Therefore, if the term nagual, and many of its associates and derivatives, were at first borrowed from the Zapotec language, a necessary corrollary of this conclusion is, that along with these terms came most of the superstitions, rites and beliefs to which they allude; which thus became grafted on the general tendency to such superstitions existing everywhere and at all times in the human mind.
Along with the names of the days and the hieroglyphs which mark them, and the complicated arithmetical methods by means of which they were employed, were carried most of the doctrines of the Nagualists, and the name by which they in time became known from central Mexico quite to Nicaragua and beyond.
The mysterious words have now, indeed, lost much of their ancient significance. In a recent dictionary of the Spanish of Mexico nagual is defined as “a witch; a word used to frighten children and make them behave,”[58-‡] while in Nicaragua, where the former Nahuatl population has left so many traces of its presence in the language of to-day, the word nagual no longer means an actor in the black art, or a knowledge of it, but his or her armamentarium, or the box, jar or case in which are kept the professional apparatus, the talismans and charms, which constitute the stock in trade or outfit of the necromancer.[59-*]
Among the Lacandons, of Mayan stock, who inhabit the forests on the upper waters of the Usumacinta river, at the present day the term naguate or nagutlat is said to be applied to any one “who is entitled to respect and obedience by age and merit;”[59-†] but in all probability he is also believed to possess superior and occult knowledge.
39. All who have any acquaintance with the folk-lore of the world are aware that the notion of men and women having the power to change themselves into beasts is as wide as superstition itself and older than history. It is mentioned in the pages of Herodotus and in the myths of ancient Assyria. It is the property of African negroes, and the peasantry of Europe still hold to their faith in the reality of the were-wolf of Germany, the loup-garou of France and the lupo mannaro of Italy. Dr. Richard Andrée well says in his interesting study of the subject: “He who would explain the origin of this strange superstition must not approach it as a national or local manifestation, but as one universal in its nature; not as the property of one race or family, but of the species and its psychology at large.”[59-‡]
Even in such a detail as the direct connection of the name of the person with his power of change do we find extraordinary parallelisms between the superstition of the red man of America and the peasant of Germany. As in Mexico the nagual was assigned to the infant by a form of baptism, so in Europe the peasants of east Prussia hold that if the godparent at the time of naming and baptism thinks of a wolf, the infant will acquire the power of becoming one; and in Hesse to pronounce the name of the person in the presence of the animal into which he has been changed will restore him to human shape.[59-§]

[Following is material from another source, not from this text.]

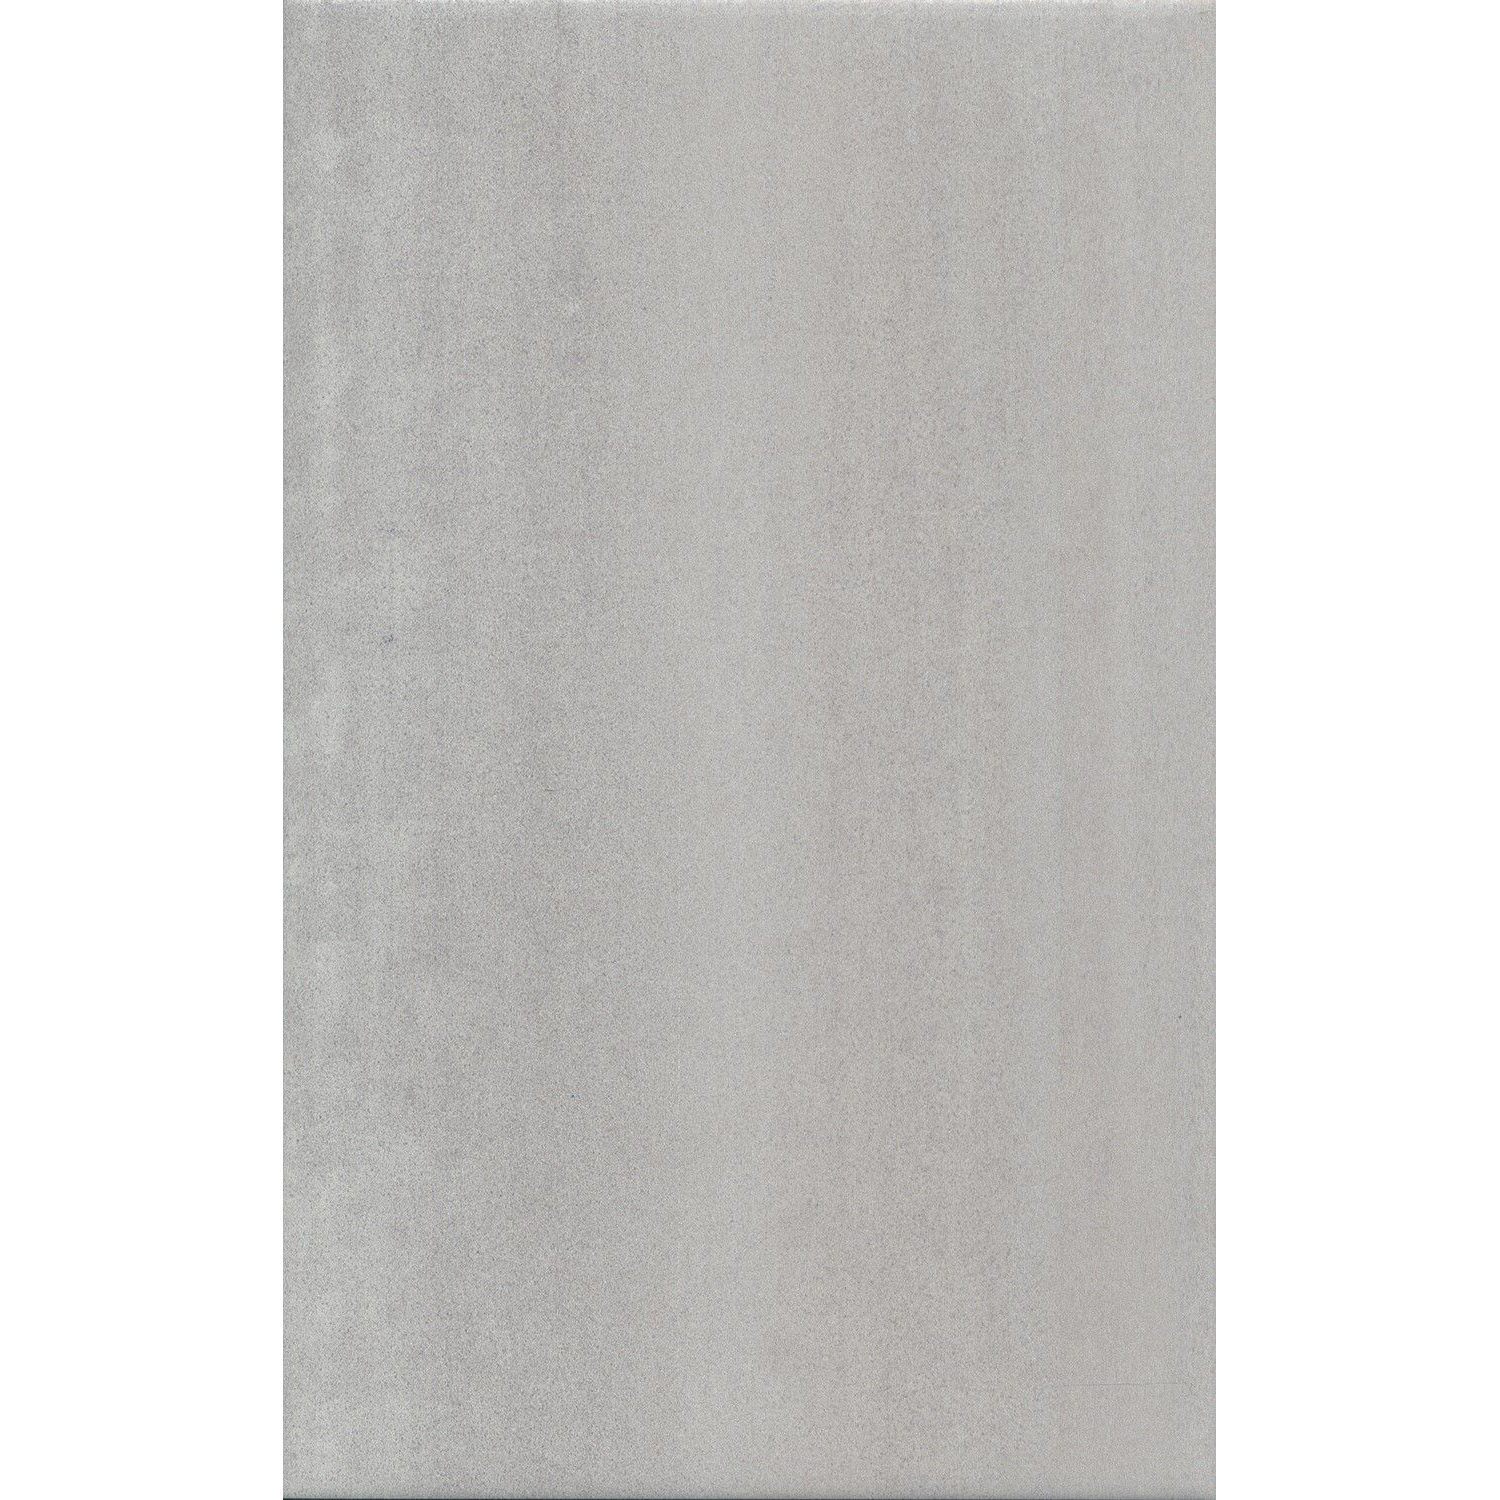 Плитка Kerama Marazzi Ломбардиа серый 6398 25x40 см

40. I need not say that the doctrine of personal spirits is not especially Mexican, nor yet American; it belongs to man in general, and can be recognized in most religions and many philosophies. In ancient Greece both the Platonicians and later the Neo-Platonicians thought that each individual has a particular spirit, or daimōn, in whom is enshrined his or her moral personality. To this daimōn he should address his prayers, and should listen heedfully to those interior promptings which seem to arise in the mind from some unseen silent monitor.[60-*]
Many a member of the Church of Rome substitutes for the daimōn of the Platonists the patron saint after whom he is named, or whom he has chosen from the calendar, the hagiology, of his Church. This analogy did not fail to strike the early missionaries, and they saw in the Indian priest selecting the nagual of the child a hideous and diabolical caricature of the holy rites.
But what was their horror when they found that the similarity proceeded so far that the pagan priest also performed a kind of baptismal sacrament with water; and that in the Mexican picture-writing the sign which represents the natal day, the tonal, by which the individual demon is denoted, was none other than the sign of the cross, as we have seen. This left no doubt as to the devilish origin of the whole business, which was further supported by the wondrous thaumaturgic powers of its professors.